PROVIDED DATA>
------
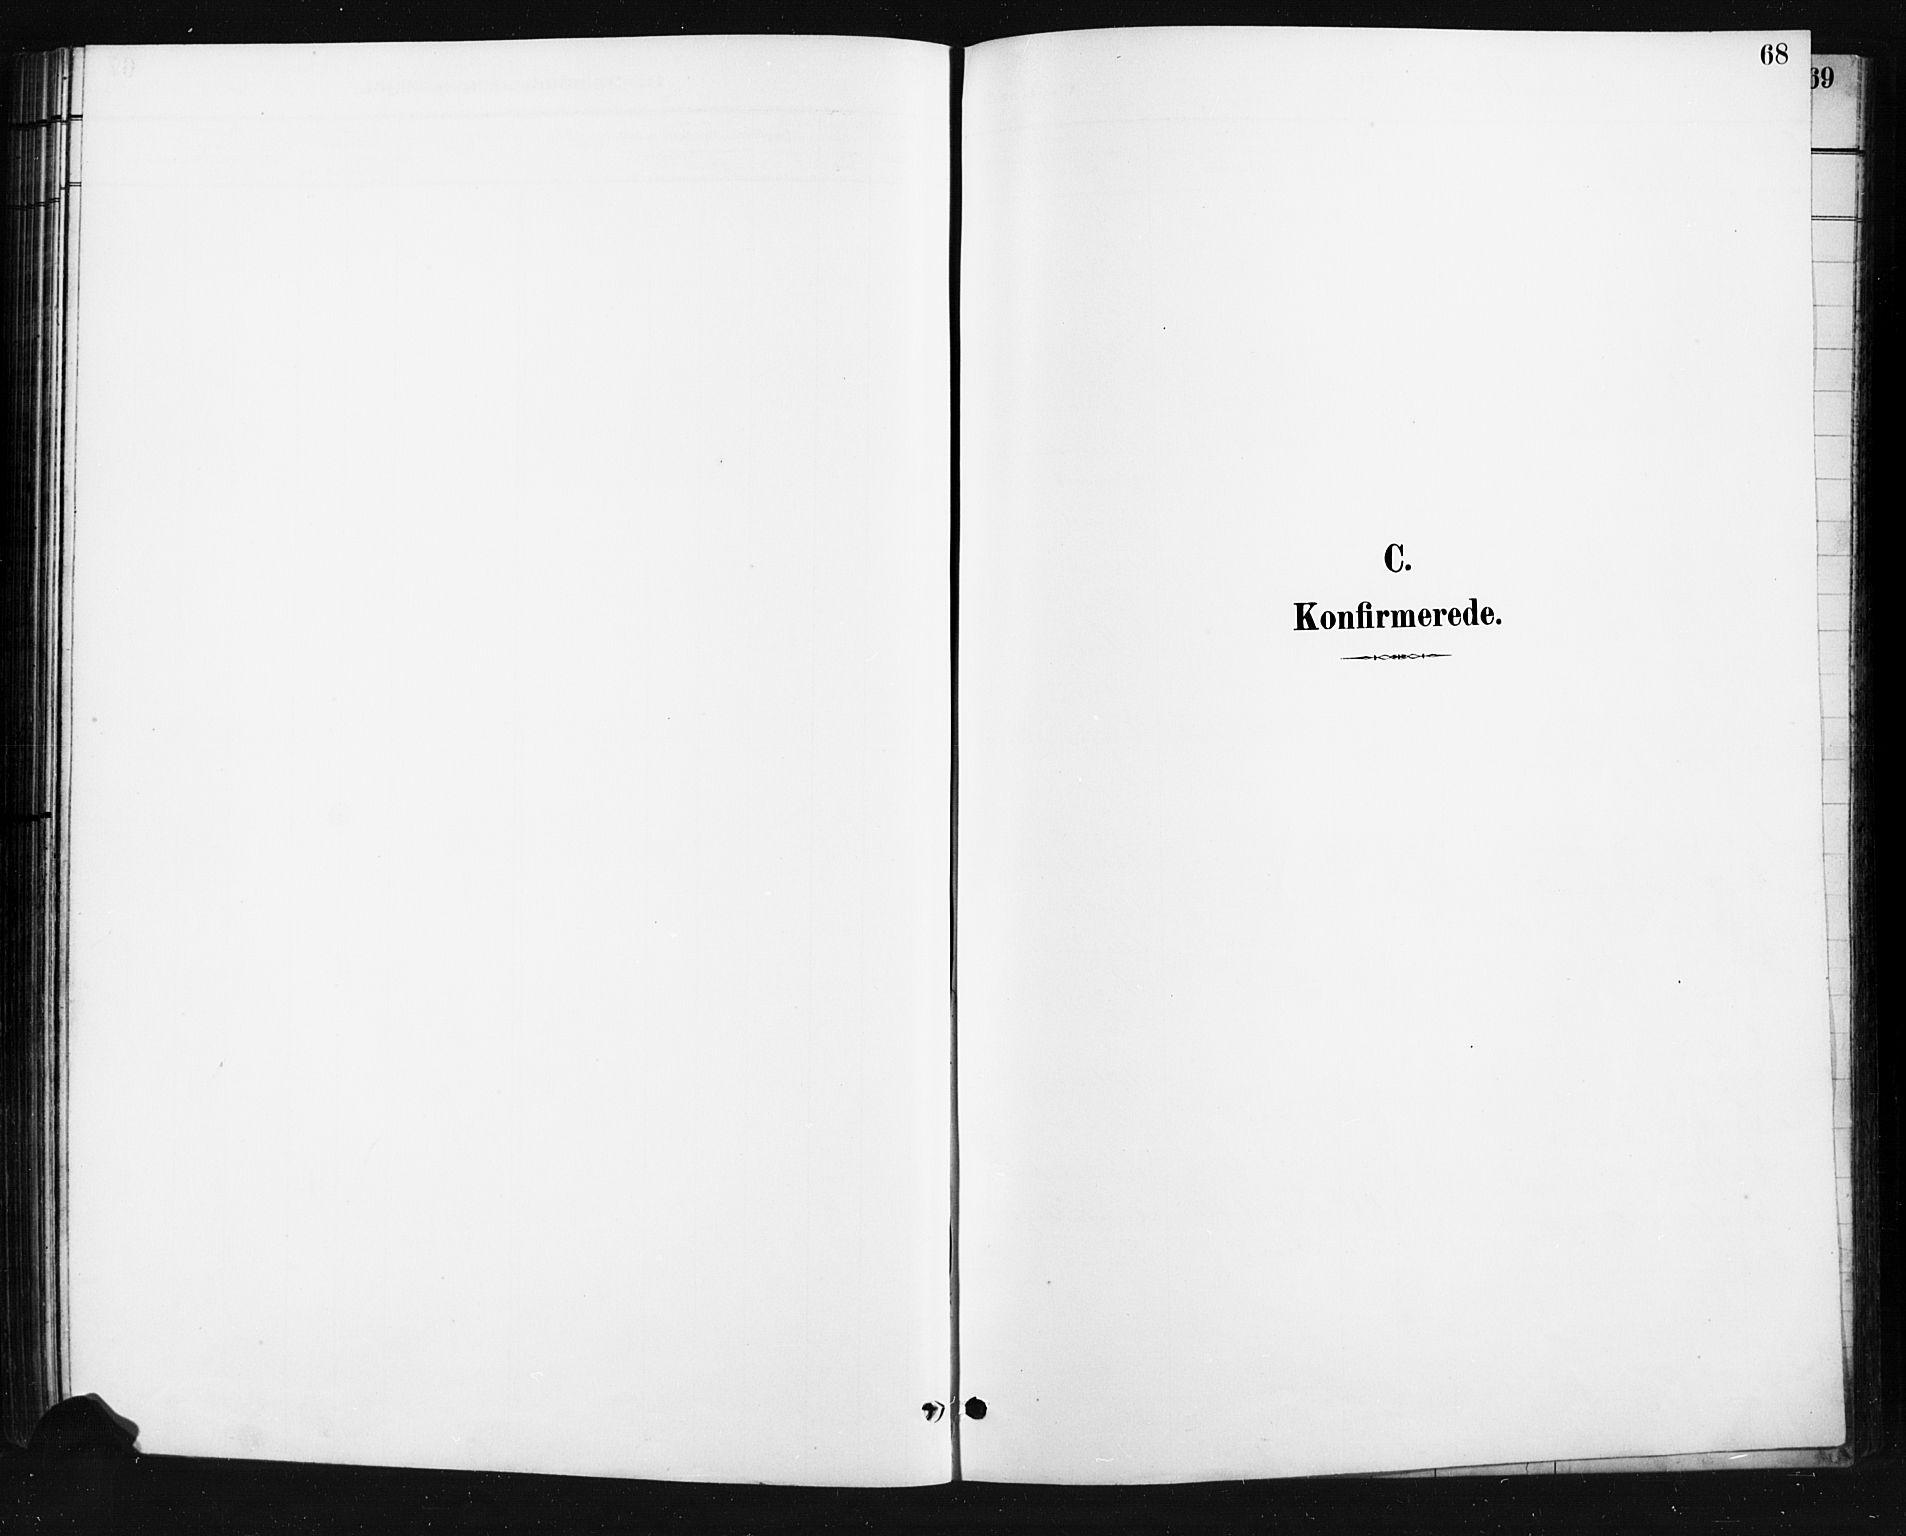 SAH, Skjåk prestekontor, Klokkerbok nr. 4, 1895-1921, s. 68
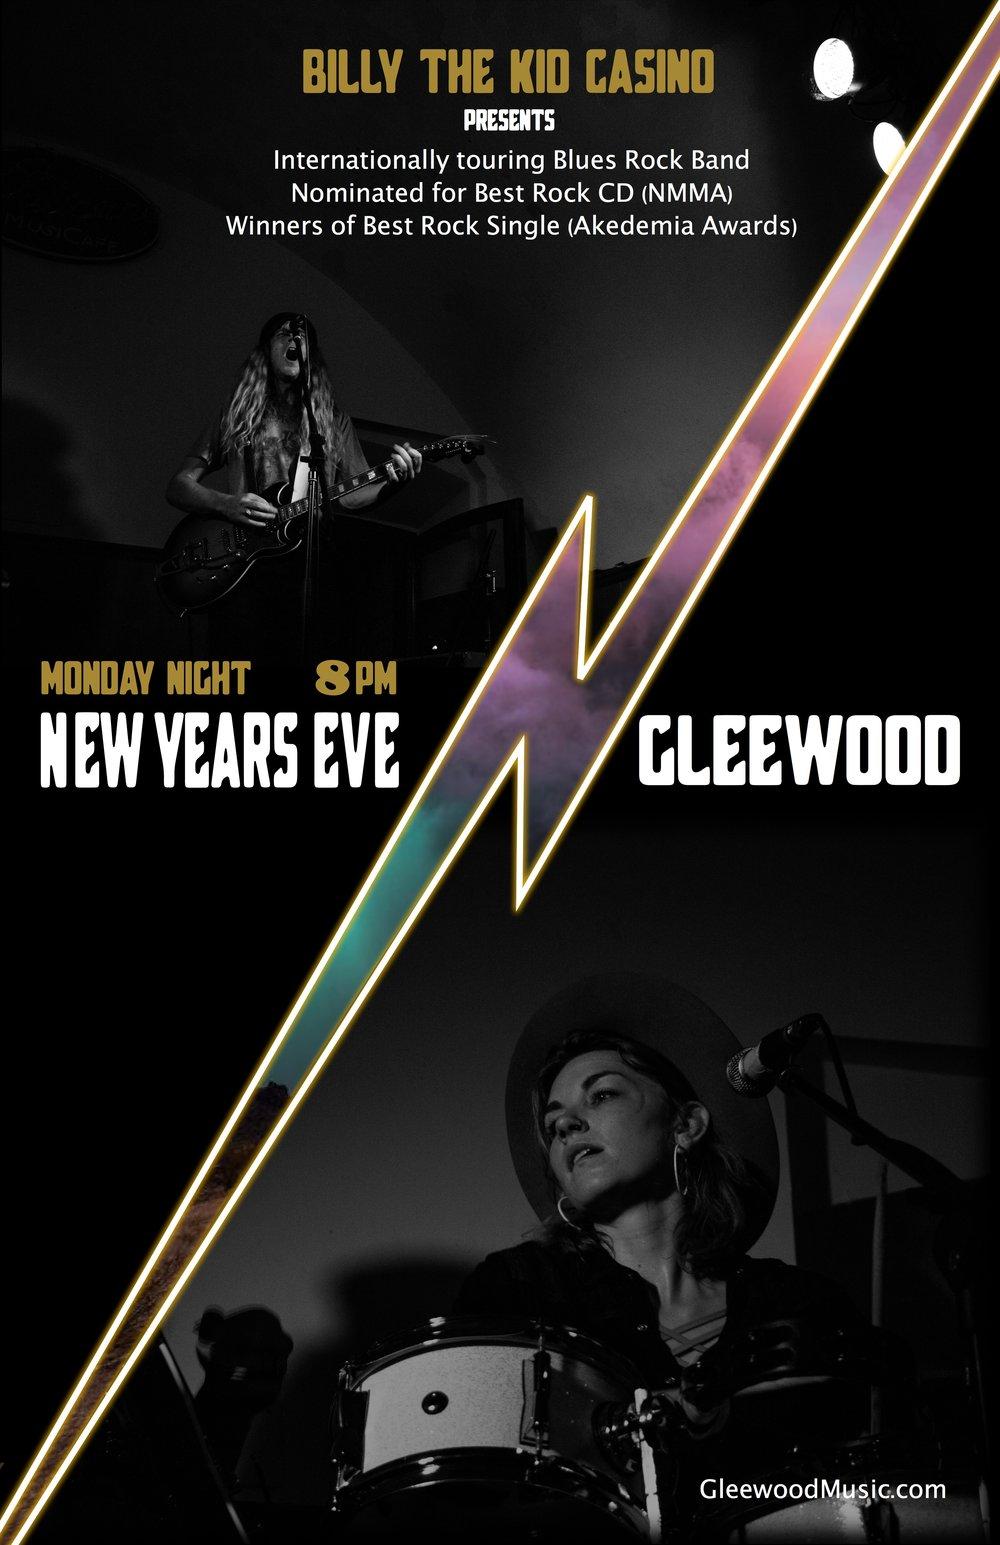 newyearseve-Gleewood.jpg
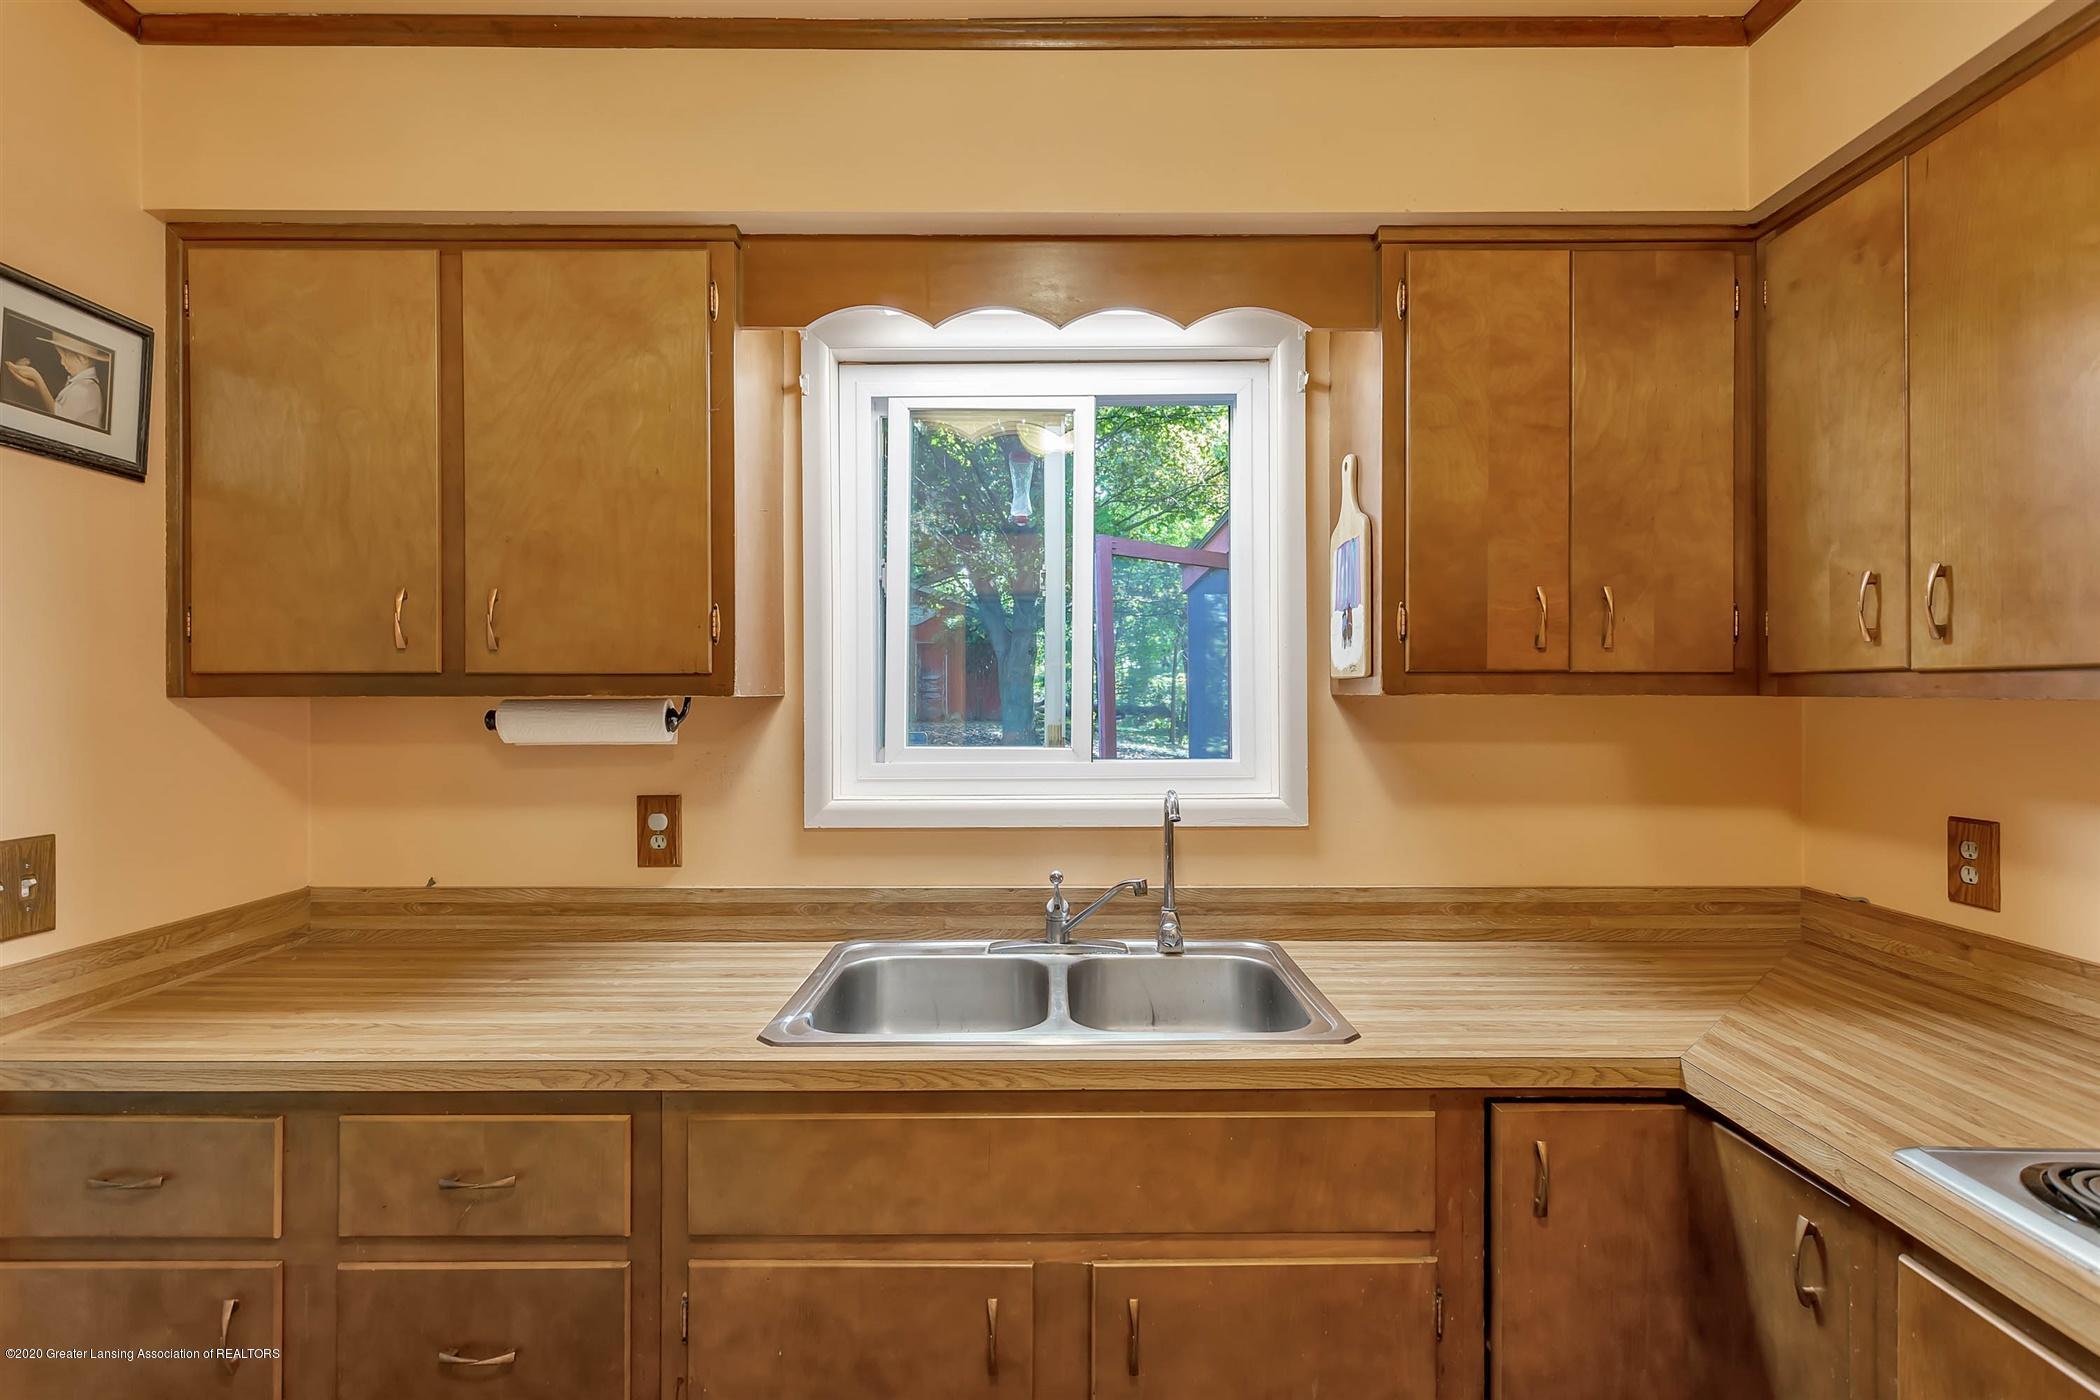 5110 E Clark Rd - 15-5110 Clark Rd-WindowStill-Real-E - 15
------
WHAT TO DO> Your copy of the listing should match it exactly, apart from the pictures, which are left out.

TASK OUTPUT>
 SAH, Skjåk prestekontor, Klokkerbok nr. 4, 1895-1921, s. 68
 newyearseve-Gleewood.jpg
 5110 E Clark Rd - 15-5110 Clark Rd-WindowStill-Real-E - 15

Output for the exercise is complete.